Rapid, low-cost technologies generate high-value soils information for planners and farmers
By Keith Shepherd
Soil samples awaiting infrared scanning at the CGIAR’s Soil-Plant Spectral Diagnostic Laboratory based at ICRAF. Photo by Keith Shepherd/ICRAF
A big, risky decision for smallholder farmers is what type and how much fertilizer to apply to their crops. There is lot of uncertainty about how the crops will respond, with a risk that the farmers will even lose when they harvest and sell the produce. Testing the soil beforehand and knowing how plants will respond can play an important role in reducing this risk. But the high cost and lack of access to testing services have been major bottlenecks for famers in developing countries.
Similarly, planners in governments, the private sector and non-governmental organizations who are working out what to supply to smallholder farmers are also faced with large uncertainties on what types and combinations of inputs to supply and where, in relation to the local soils. For example, a number of agencies in Africa are designing fertilizer blending and liming programmes and so need to know how strongly acid soils are and what soil micronutrients may be limiting in different areas. Existing soil maps do not provide up-to-date information on specific soil properties that are needed to guide such decisions.
New advances in rapid, low-cost soil analytical techniques in the laboratory that simply measure light reflecting from a soil sample are reducing the cost of measuring soil properties.
Time and cost savings
Soil infrared spectroscopy allows a soil sample to be scanned in just 30 seconds and the resulting fingerprint used to predict a number of soil properties based on calibration databases. And this costs just $1 compared with at least $100 using conventional soil testing methods.
These new approaches are being deployed by the Africa Soil Information Service (AfSIS), which has recently launched a 250-metre resolution soil-properties map of Africa.
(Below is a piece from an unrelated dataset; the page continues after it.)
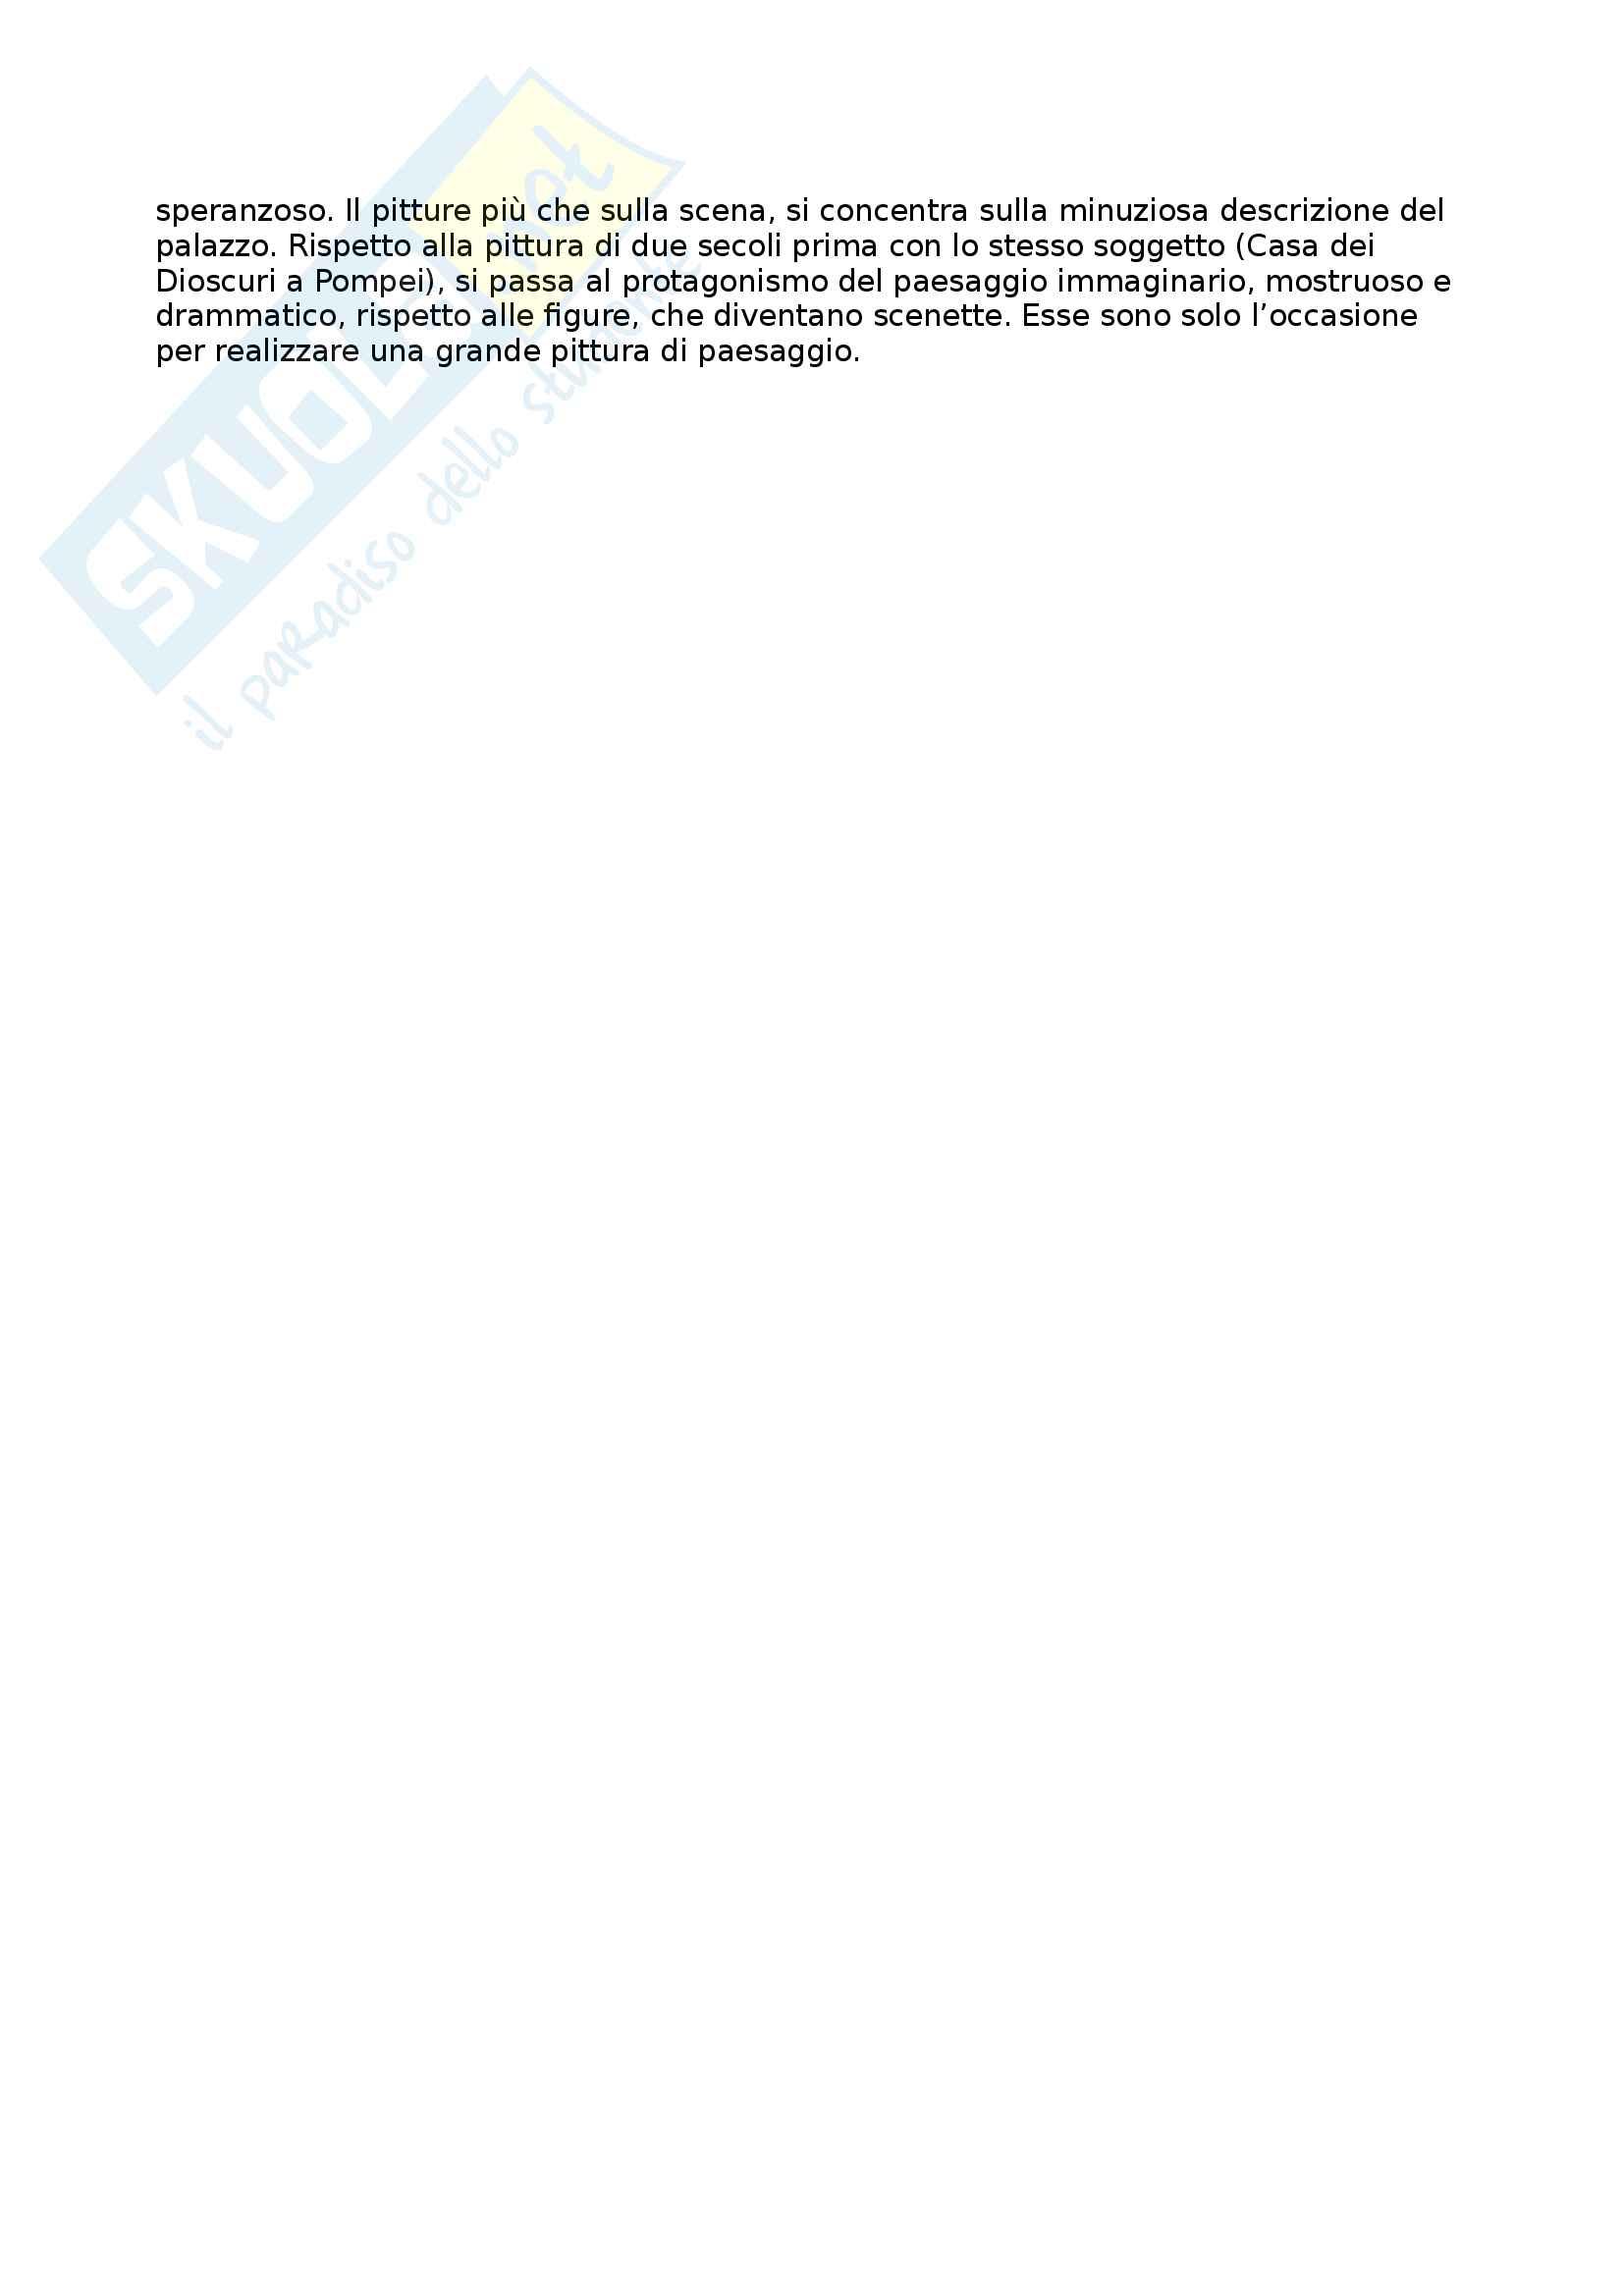 Riassunto esame Arte e Archeologia Greca, prof. Bejor, libro consigliato Arte Greca: Dal decimo al primo secolo a.C di Bejor, Castoldi e Lambrugo Pag. 76

AfSIS is helping Ethiopia, Ghana, Nigeria and Tanzania to establish national soil information systems and services based on soil spectroscopy and digital soil-mapping technology. The CGIAR’s Soil-Plant Spectral Diagnostic Laboratory, one of the founding members of AfSIS, based at the World Agroforestry Centre (ICRAF) in Nairobi, now supports a network of spectral laboratories across 10 African countries.
Our Soil Spectral Lab supports a number of sustainable land management projects, new predictive agronomy projects, private and NGO enterprises providing farm advisory services, as well as agricultural monitoring initiatives, including Vital Signs and the CGIAR’s own network of Sentinel Landscapes sites.
Spectral technology has the capability to provide affordable soil testing and advisory services to smallholder farmers and is already beginning to be deployed by rural soil testing services.
Georeferencing for better decisions
However, up until now the spectral technology has only been used to predict conventional soil diagnostic tests, which are themselves not that good at predicting yield response to inputs. The future lies with calibrating crop responses directly to spectral tests and linking these with decision models that can tell farmers what is the likelihood of obtaining a given level of response. In addition the private sector and development agents promoting soil improving interventions, or wishing to demonstrate good soil management practice, can now afford to monitor soil organic matter levels at their field sites.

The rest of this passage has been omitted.